I am a fourth-year Ph.D. candidate in the Cell Biology, Genetics, and Molecular Medicine discipline of the Integrated Biomedical Sciences program.
However, my journey in UT Health starts in 2016 when I joined in as a master’s student in Cell Systems and Anatomy program. I chose to build my biomedical research career at UT Health because of the cutting-edge mitochondrial research conducted. And I received my training from Dr. Yidong Bai, a pioneer in mitochondrial research and a wonderful mentor, one could ask.
I studied Leber’s Hereditary Optic Neuropathy (LHON), a mitochondrial neurological disease affecting retinal ganglion cells (RGCs) caused by a mutation in mitochondrial DNA encoding respiratory complex I subunit. My goal was to develop a relevant cell model system to study the pathogenesis of LHON using induced Pluripotent Stem Cells (iPSCs) technology. iPSCs is the most powerful technology our generation has seen where we can “erase the skin cell’s previous history and return it to an embryonic state, from which it can become not just a skin cell again, but any cell in the body.” The quote is from Alice Park from her book The Stem Cell where she elegantly explains iPS cells.
During my time as a master’s student, I had a breath-taking moment when I glanced at the pristine iPSC clone, which I had reprogrammed from the LHON patient’s fibroblast.
I submitted a mesmerizing micrograph of iPSCs to the Briscoe Library Research Photography Competition in 2020 titled “When Your Cells Can Reborn Again!” and the iPSC clone won second place, hanging proudly on the wall of Briscoe Library. I am truly blessed to be able to conduct such extraordinary work.
For my thesis, I presented a method I acquired from stem cell research to differentiate iPSCs toward RGCs. My first author paper titled “Creating Cell Model 2.0 for Pathogenic Mitochondrial DNA Mutation: iPSC Approach for LHON Mutation” got accepted at “Methods in Molecular Biology” which details methods to differentiate primary cells to iPSCs and towards RGCs with the goal to enable studies to understand the LHON pathogenesis.

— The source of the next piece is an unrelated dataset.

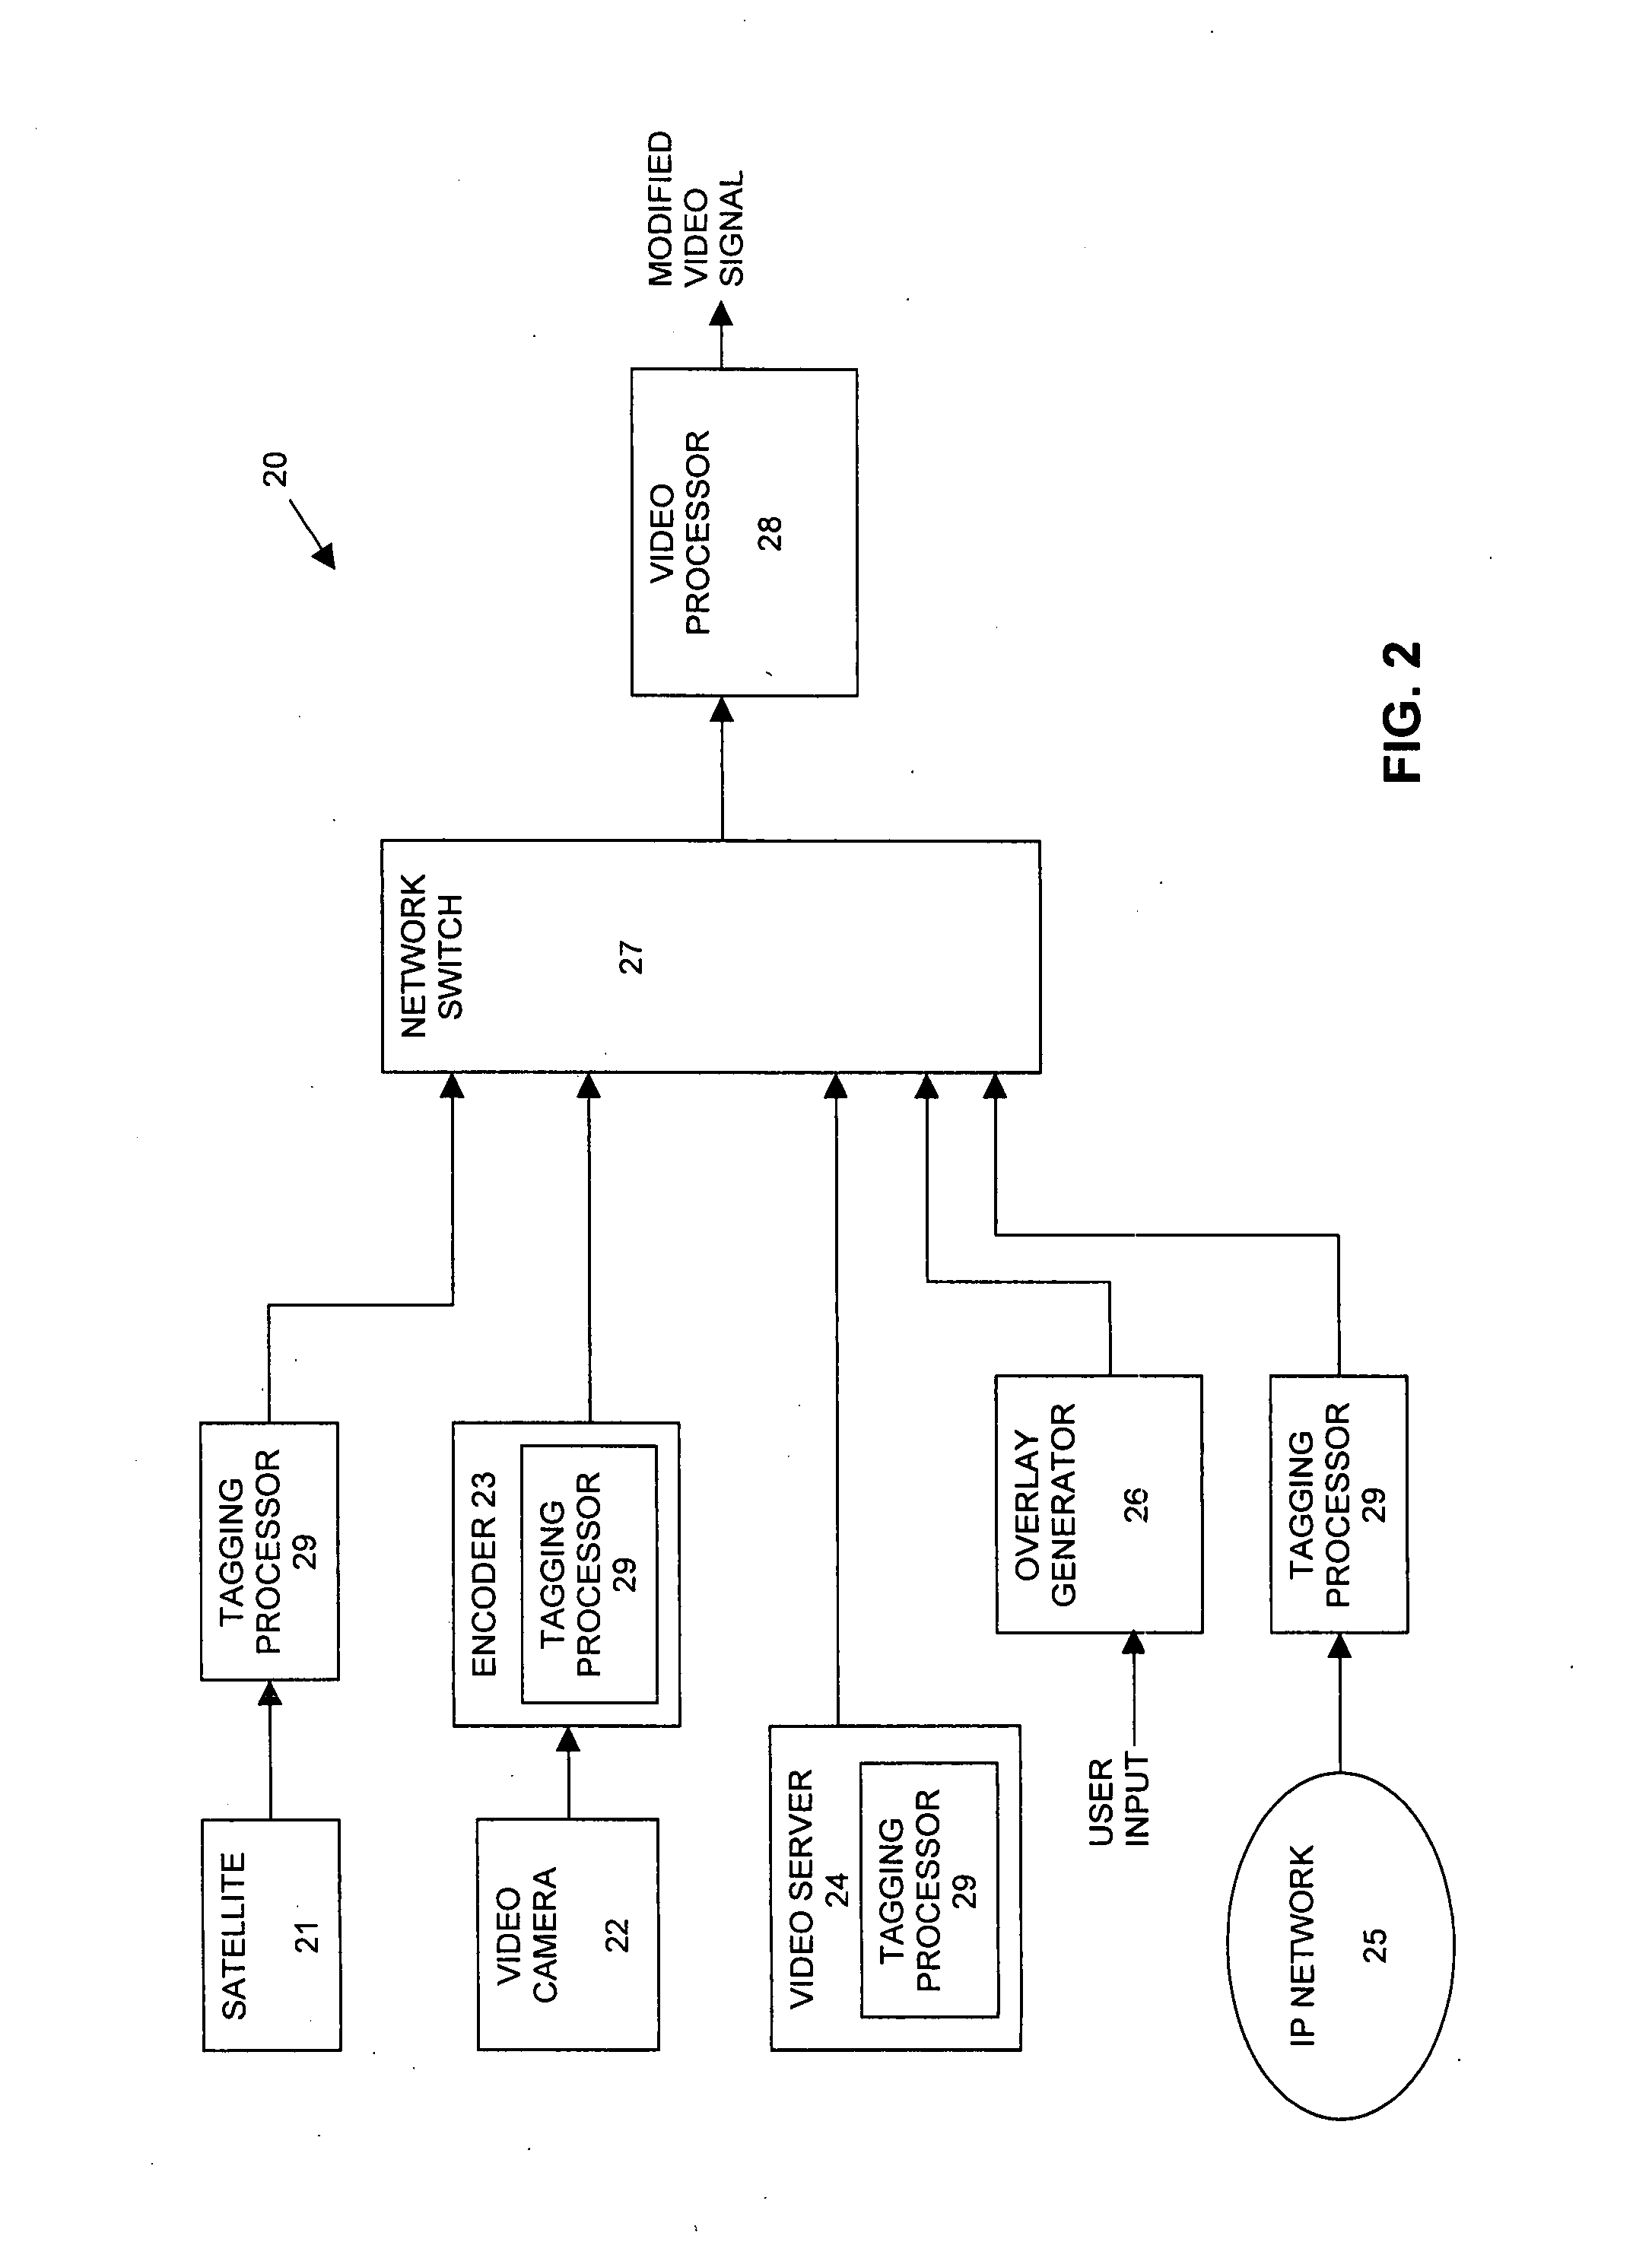 Methods, apparatus, and systems for insertion of overlay content into a video signal with transrating capabilities

Now, as a Ph.D. student, I continue to study how mitochondrial dysfunction contributes to kidney failure in the Center for Renal Precision Medicine led by the leader in the field of precision medicine and a pioneer in mitochondrial research, Dr. Kumar Sharma. I employ metabolomics technology to identify any changes in the mitochondrial metabolites that may be involved in the pathophysiological pathway for kidney disease progression.
I have been in an extraordinary position to have found my love for mitochondria research from early on in my career. My biomedical research journey first started in Dr Lee Ann MacMillan-Crow’s laboratory at the University of Arkansas for Medical Sciences. Having such a trailblazer in mitochondrial research as my coach, she instilled a passion for this topic in me. And I am continuing my journey to become a mitochondrial research scientist here at UT Health San Antonio.
I am blessed to have mitochondrial research pioneers as my mentors who teach me to think critically and, most importantly, to have a vision forward in the field of mitochondrial research. I hope that I am able to contribute further to our understanding of mitochondria in human disease.